There are known associations between ADT and depression, memory difficulties, and fatigue among prostate cancer patients [8,9,10,11]. A recent meta-analysis of 18 studies found that risk of depression increased by 41% in men on ADT [12]. The largest study to date of 100,000 men with and without PCa [6] also supported this association; however, when controlling for age, comorbidity, and tumour characteristics, this relationship was no longer significant. Further studies have shown that 19.6% of men on ADT report clinically significant anxiety and that increasing ADT length is associated with poorer quality of life [13], and increased risk of anxiety [14].

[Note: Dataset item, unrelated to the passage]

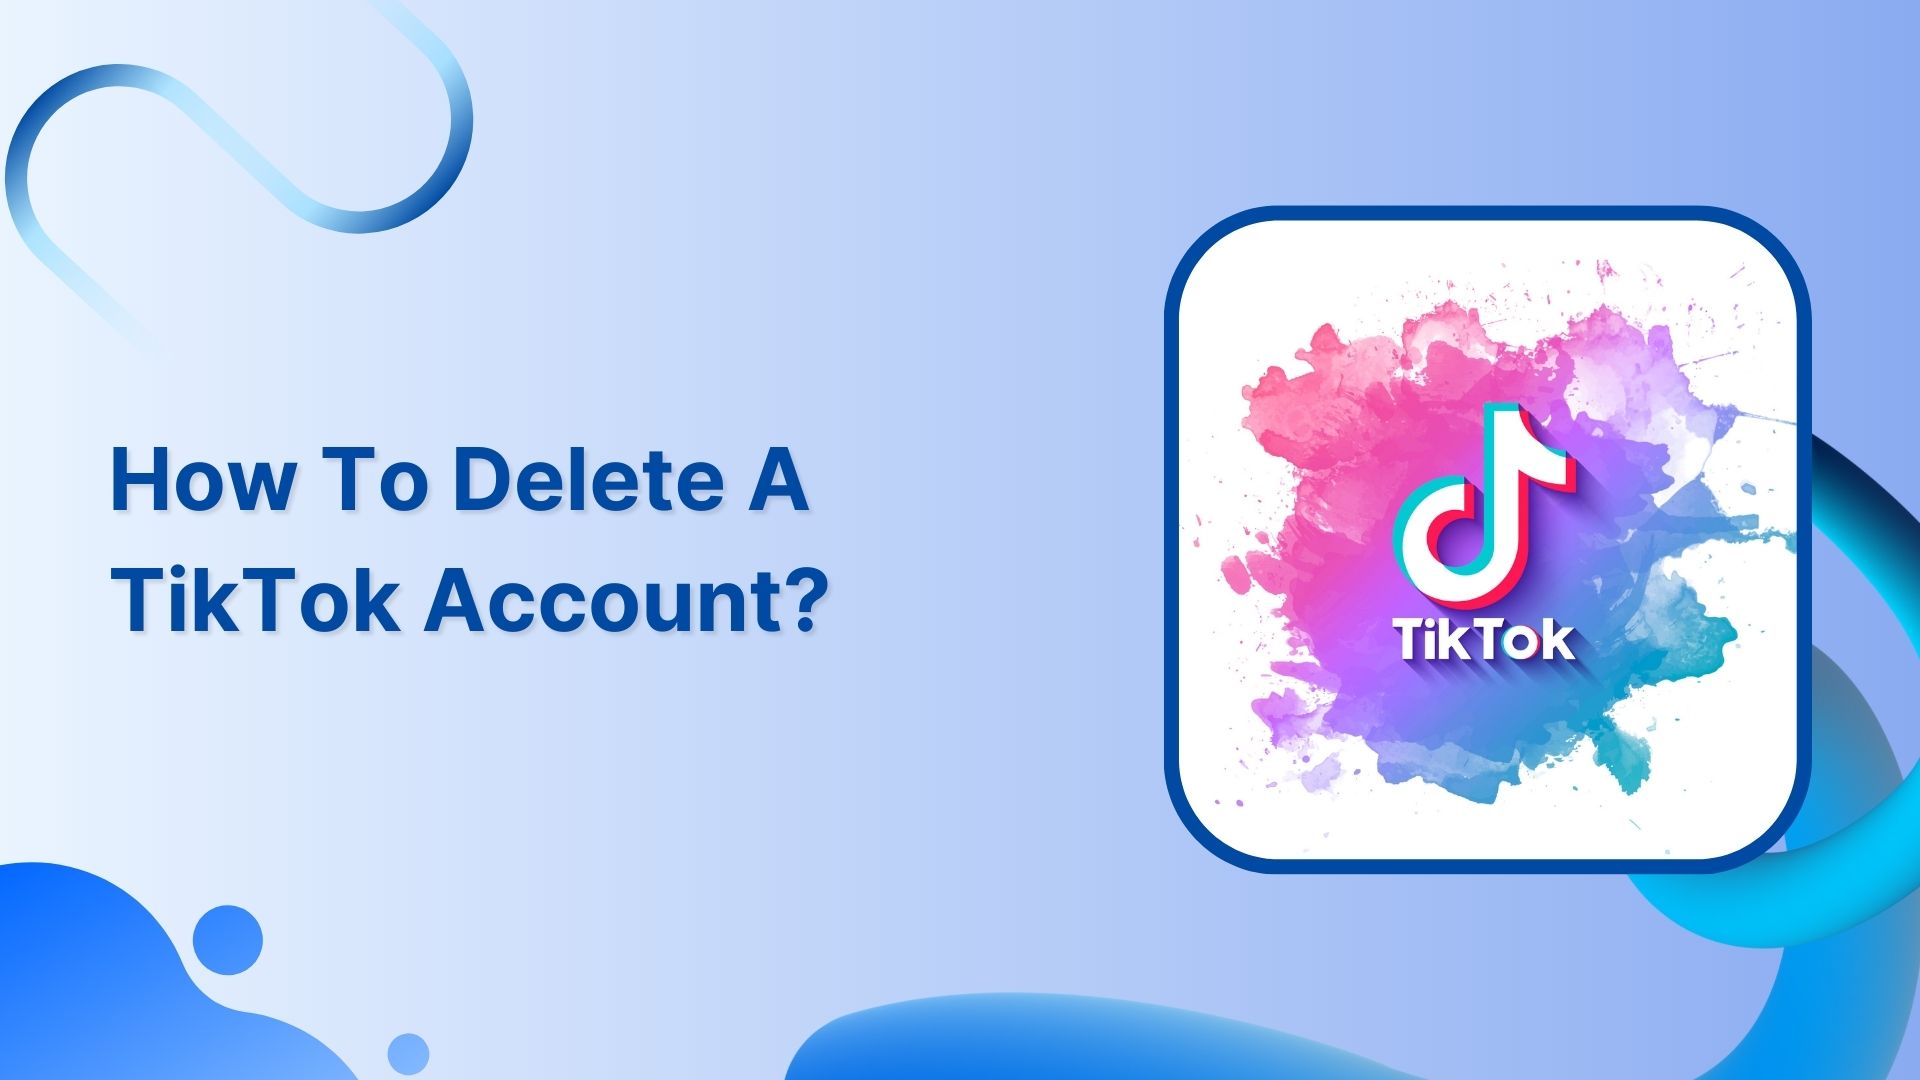 How to delete a TikTok account?

Mental well-being is a broad concept, which has been described as the positive aspects of mental health [15]. Non-specific psychological distress occurs in a range of mental health disorders, but is not specific to any one disorder [16]. It therefore provides an indicator of potential mental health problems. Previous studies of PCa have indicated the relationship between the severity of cancer-related symptoms experienced and poorer mental well-being and/or severe psychological distress [17, 18]. However, little work has been done regarding the associations with cancer-related symptoms in patients receiving ADT despite its links to physical (vitality, energy, and fatigue) and sexual dysfunction. There is some suggestion that ADT may indirectly affect risk of psychological distress through an overall reduction in quality of life [19]. The use of Patient-Reported Outcome Measures (PROMs) in large surveys allows clinicians to generate more confident estimates of this kind and therefore allow the planning of appropriate clinical responses.

The Life After Prostate Cancer Diagnosis (LAPCD) study is a UK-wide, population-based, cross-sectional study investigating a range of quality of life (QoL) outcomes in men 18–42 months post diagnosis of PCa. As part of the LAPCD study, Downing et al. [20] recently reported that later-stage PCa was associated with fatigue and sexual dysfunction and this was suggested to be due to receiving ADT. While previous studies have investigated cancer-related symptoms and psychological outcomes in PCa [17], no large-scale study has focused its attention on treatments involving ADT. Qualitative interviews conducted alongside the quantitative LAPCD survey have also supported ADT treatment as being related to changes in mood along with bodily changes, such as mood swings and loss of muscle mass, which were related to distress (Matheson et al. submitted).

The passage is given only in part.